[Bug 1940043] Re: Upgrade from OVN 20.03 to newer OVN version will cause data plane outage
Frode Nordahl
1940043 at bugs.launchpad.net
Sun Nov 6 12:07:47 UTC 2022
Package versions before we start:
$ juju run --application ovn-central 'dpkg -l |grep ovn'
- Stdout: |
ii ovn-central 20.03.2-0ubuntu0.20.04.4 amd64 OVN central components
ii ovn-common 20.03.2-0ubuntu0.20.04.4 amd64 OVN common components
UnitId: ovn-central/0
- Stdout: |
ii ovn-central 20.03.2-0ubuntu0.20.04.4 amd64 OVN central components
ii ovn-common 20.03.2-0ubuntu0.20.04.4 amd64 OVN common components
UnitId: ovn-central/1
- Stdout: |
ii ovn-central 20.03.2-0ubuntu0.20.04.4 amd64 OVN central components
ii ovn-common 20.03.2-0ubuntu0.20.04.4 amd64 OVN common components
UnitId: ovn-central/2
$ juju run --application ovn-chassis 'dpkg -l |grep ovn'
- Stdout: |
ii neutron-ovn-metadata-agent 2:16.4.2-0ubuntu4 all Neutron is a virtual network service for Openstack - OVN metadata agent
ii ovn-common 20.03.2-0ubuntu0.20.04.4 amd64 OVN common components
ii ovn-host 20.03.2-0ubuntu0.20.04.4 amd64 OVN host components
UnitId: ovn-chassis/0
- Stdout: |
ii neutron-ovn-metadata-agent 2:16.4.2-0ubuntu4 all Neutron is a virtual network service for Openstack - OVN metadata agent
ii ovn-common 20.03.2-0ubuntu0.20.04.4 amd64 OVN common components
ii ovn-host 20.03.2-0ubuntu0.20.04.4 amd64 OVN host components
UnitId: ovn-chassis/1
Ping running instances:
$ ping 10.78.95.55
PING 10.78.95.55 (10.78.95.55) 56(84) bytes of data.
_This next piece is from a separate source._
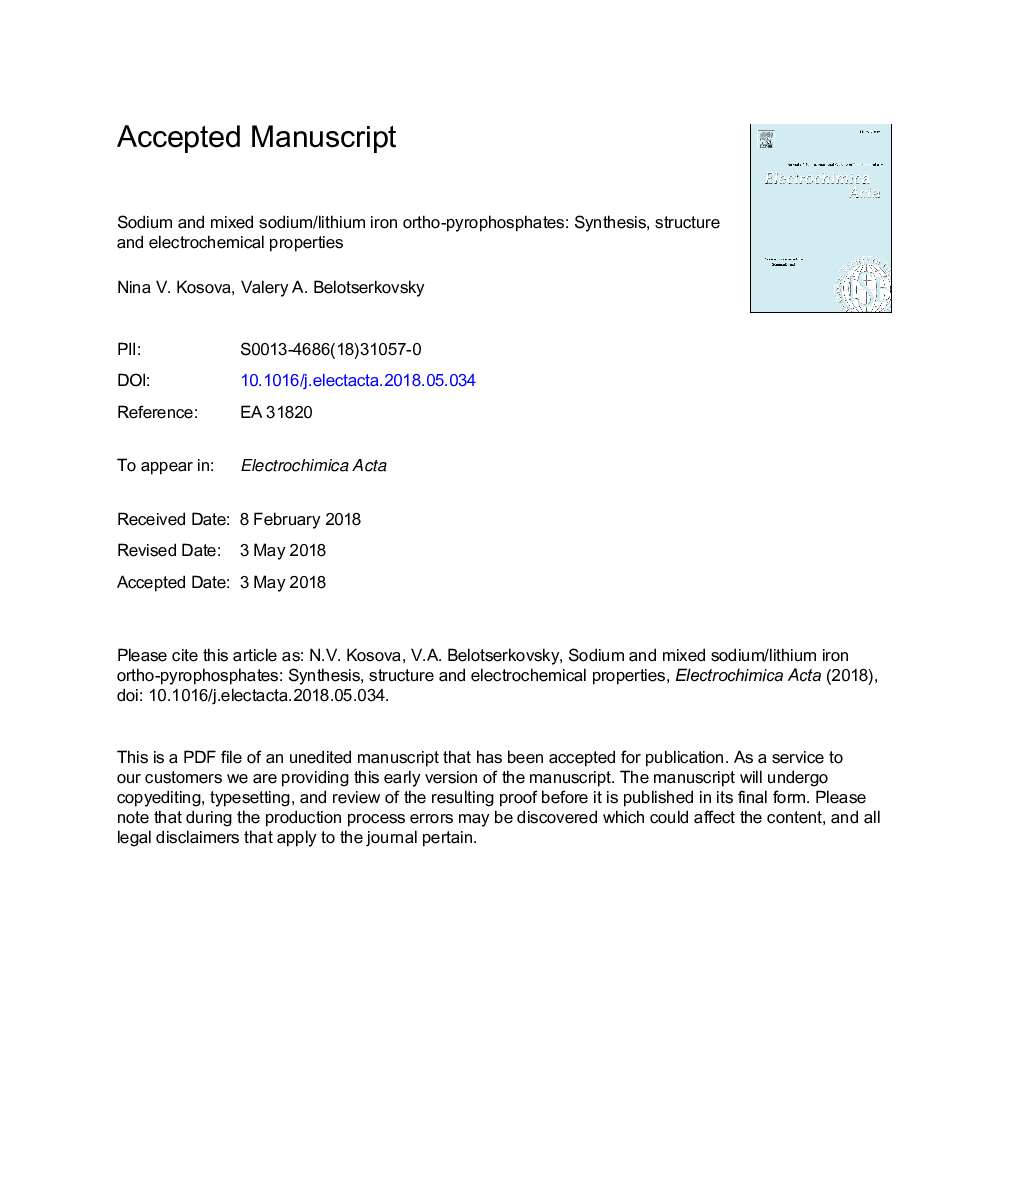 سنتز و ترکیبات سدیم / لیتیوم اورتو پیرو فسفات: سنتز، ساختار و خواص الکتروشیمیایی

64 bytes from 10.78.95.55: icmp_seq=1 ttl=63 time=1.80 ms
64 bytes from 10.78.95.55: icmp_seq=2 ttl=63 time=1.22 ms
64 bytes from 10.78.95.55: icmp_seq=3 ttl=63 time=1.06 ms
...
$ ping 10.78.95.162
PING 10.78.95.162 (10.78.95.162) 56(84) bytes of data.
64 bytes from 10.78.95.162: icmp_seq=1 ttl=63 time=1.08 ms
64 bytes from 10.78.95.162: icmp_seq=2 ttl=63 time=0.545 ms
64 bytes from 10.78.95.162: icmp_seq=3 ttl=63 time=0.516 ms
...
Ensure OVN DNS interception/resolution is enabled and working:
ubuntu at zaza-neutrontests-ins-1:~$ dig zaza-neutrontests-ins-2 @10.78.95.1
...
;; ADDITIONAL SECTION:
zaza-neutrontests-ins-2. 3600 IN A 192.168.0.180
Ensure ovn-controllers picks up version mismatch prior to upgrade:
Note that the backported version mismatch handling code does not have the
additional version mismatch check in the incremental processing engine that
later versions have, this means that we need to ensure the main loop version
mismatch check has run prior to allowing northd to fill database tables after
an upgrade. We will just have to deal with this in the charms and/or as part
of upgrade documentation.
Force the version mismatch to happen before we actually perform the upgrade to
ensure the ovn-controller does not make any mistakes.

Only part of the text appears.